'Yeah, right,' Harley scoffed. 'That's why every friggin' couture house in the world has a shop there. Let me tell you, you haven't begun to see wilderness until you've been to northern Wisconsin.'

'Like you would know.'

'Well, as it happens, I do know. Drove an Ojibwa friend up to the Bad River Rez once. Saw nothing but black bear for about three hours straight, and not one of them was carrying a cell phone.'

'See?' Roadrunner said to Grace, his forehead wrinkled with worry. 'You're going to be totally out of touch for a really long time.'

Grace smiled at him. Roadrunner somehow managed to be both the child and the fretting mother of the Monkeewrench crew. His outlook had always been dark, his general philosophy one of blanket pessimism. 'It's only a six-hour drive, Roadrunner.'

'Yeah, well, a lot can happen in six hours. The car could blow up. You could hit a moose or have a blowout, and then veer off the road into a tree and lie there unconscious with all your arms and legs broken. . . .'

Harley smacked him on the back of the head.

Ten minutes later, Harley, Roadrunner, and Charlie stood at the end of the driveway like three abandoned puppies, watching Grace and Annie pull away in Grace's Range Rover.

'We should have gone with them,' Roadrunner said.

Charlie whined his agreement.

'No room in that puny little SUV for two big, strapping men like ourselves and three women with all their makeup. Annie took a frig-gin' trunk, can you believe that? For a weekend in Green Bay, where nobody ever wears anything except Packers sweatshirts.'

'We could have taken the RV. . ..'

'Damnit, Roadrunner, how many times do I have to tell you not to call it that' It's a luxury motor coach.'

'Whatever. We could have taken it. There's plenty of room for all of us.'

Harley stared at the clump birch in the yard across the street. He rocked back and forth on his run-down heels. 'I hate goddamned Wisconsin.'

'The Harley-Davidson plant is in Wisconsin.'

Harley's big head moved up and down a little. 'Yeah. There is that.'

A LOT OF PEOPLE assumed that Chicago was the windiest city in the country, just because of the 'Windy City' moniker someone had slapped on the place more than a century ago. The truth was that Chicago wasn't anywhere near the top on any known list, and Minneapolis was windier by a whopping tenth of a mile per hour. Perched on the northern edge of the Great Plains, it was an easy target for the prairie winds that swept across the Midwest during the summer, which made the warm months tolerable for a population that wore parkas six or seven months out of the year. But every August, the prairies seemed to run out of breath, the wind stopped, and the heat settled over the city like shrink-wrap.

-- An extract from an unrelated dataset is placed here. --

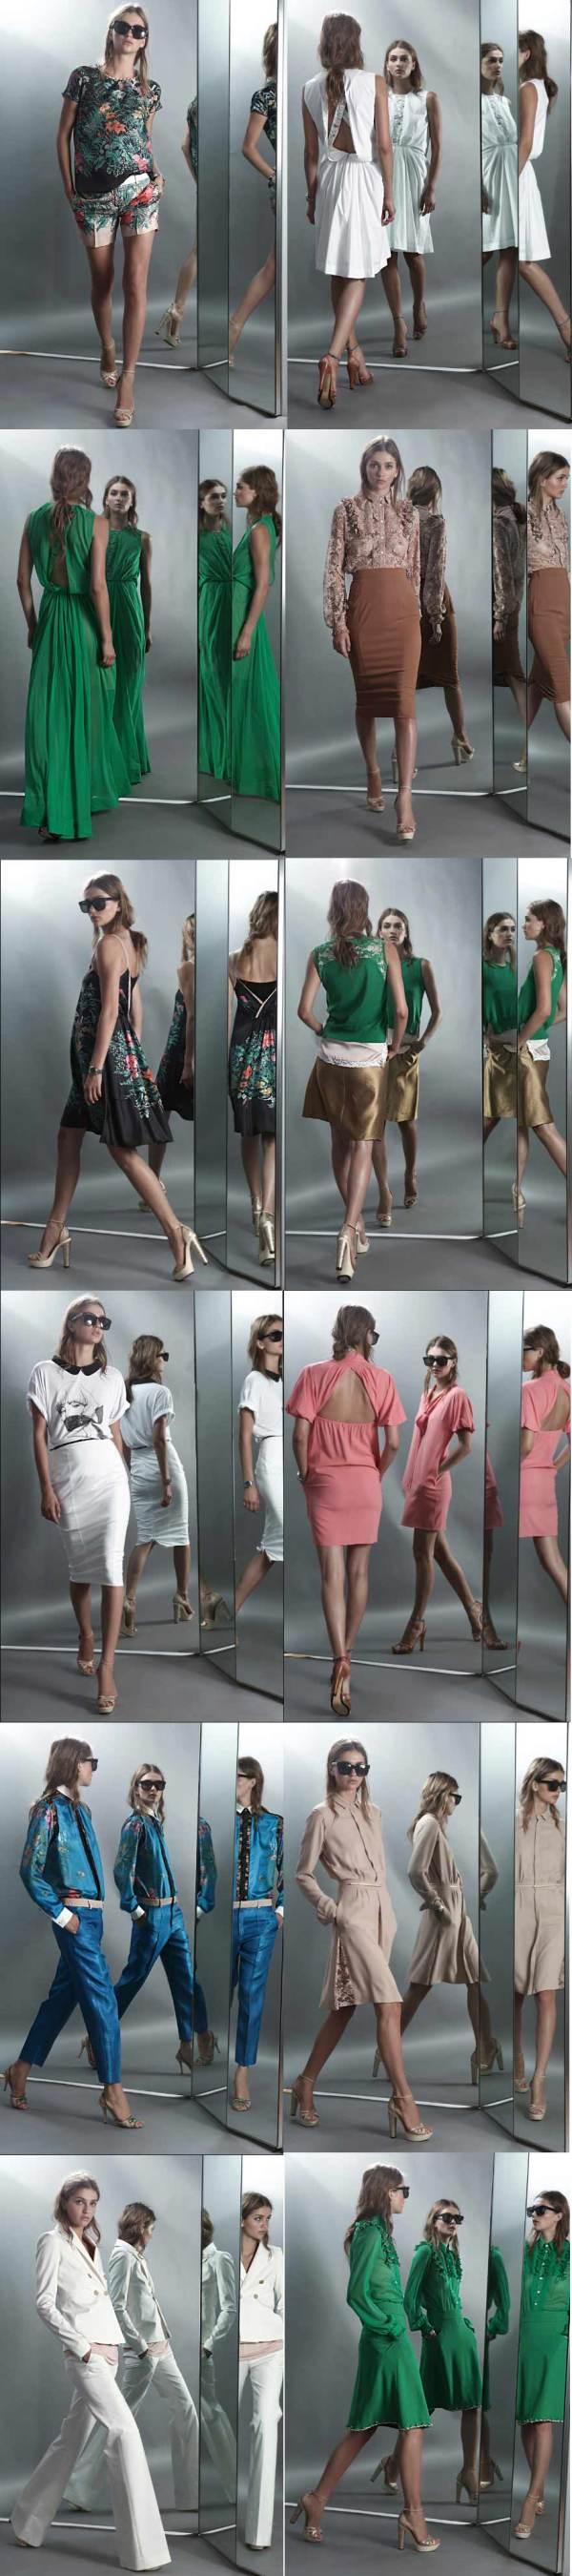 No21 Resort 2012 collection, designer  Alessandro Dell'Acqua

Grace had never minded the heat-or the cold, for that matter. Even after eleven years in the state, she was still baffled by the local fixation on the weather. But Annie had succumbed to the obsession almost immediately. Like almost every other resident, she watched every weathercast on every channel every chance she got, and spewed statistics like a meteorologist on uppers. They'd been in the car exactly two minutes when she started tapping the digital temperature readout on the dash.

'Lord, would you look at that. Eighty-eight degrees and it's not even ten in the morning. Another hour and we'll be fish poachin' in a kettle.'

'We'll turn up the air-conditioning.'

'Hah. As if air-conditioning could put a dent in the dew point we're expecting today. Did you hear how high it's going to be?'

'I don't even know what the dew point is.'

'Honey, no one really knows what the dew point is, but it's going to be bad. Tropical. And Fat Annie is going to suffer. Is that Sharon?'

Haifa block ahead, Sharon was standing at the curb outside her apartment building, wearing her little navy FBI pants suit and her dreadful black lace-ups. She wore her brown hair in a short pixie cut, and would have been button-cute if it hadn't been for the mean-little-dog expression on her face. She had a big leather handbag over one shoulder and a canvas duffel at her feet. 'Look at that bitty thing. Was she that short last week?'

'Shorter. She was sitting down.'

The three of them had arranged to meet at a bar and grill on the fringes of downtown to take a look at the documentation Sharon had gathered on the case. She had already commandeered a large booth in the back by the time Grace and Annie had arrived, and was frightening the regulars with a spread of autopsy photos she'd laid on the table. 'Are those all from the Green Bay case?' Grace had asked, and Sharon had swept the photos aside immediately. 'Lord, no. I just take these along whenever I'm going out alone. No one hits on a woman looking at dead people.'

Grace smiled at the memory, as she had smiled then. Most women would have worn a ring on their left hand to avoid unwanted male attention; Sharon brought pictures of corpses, and Grace liked that about her.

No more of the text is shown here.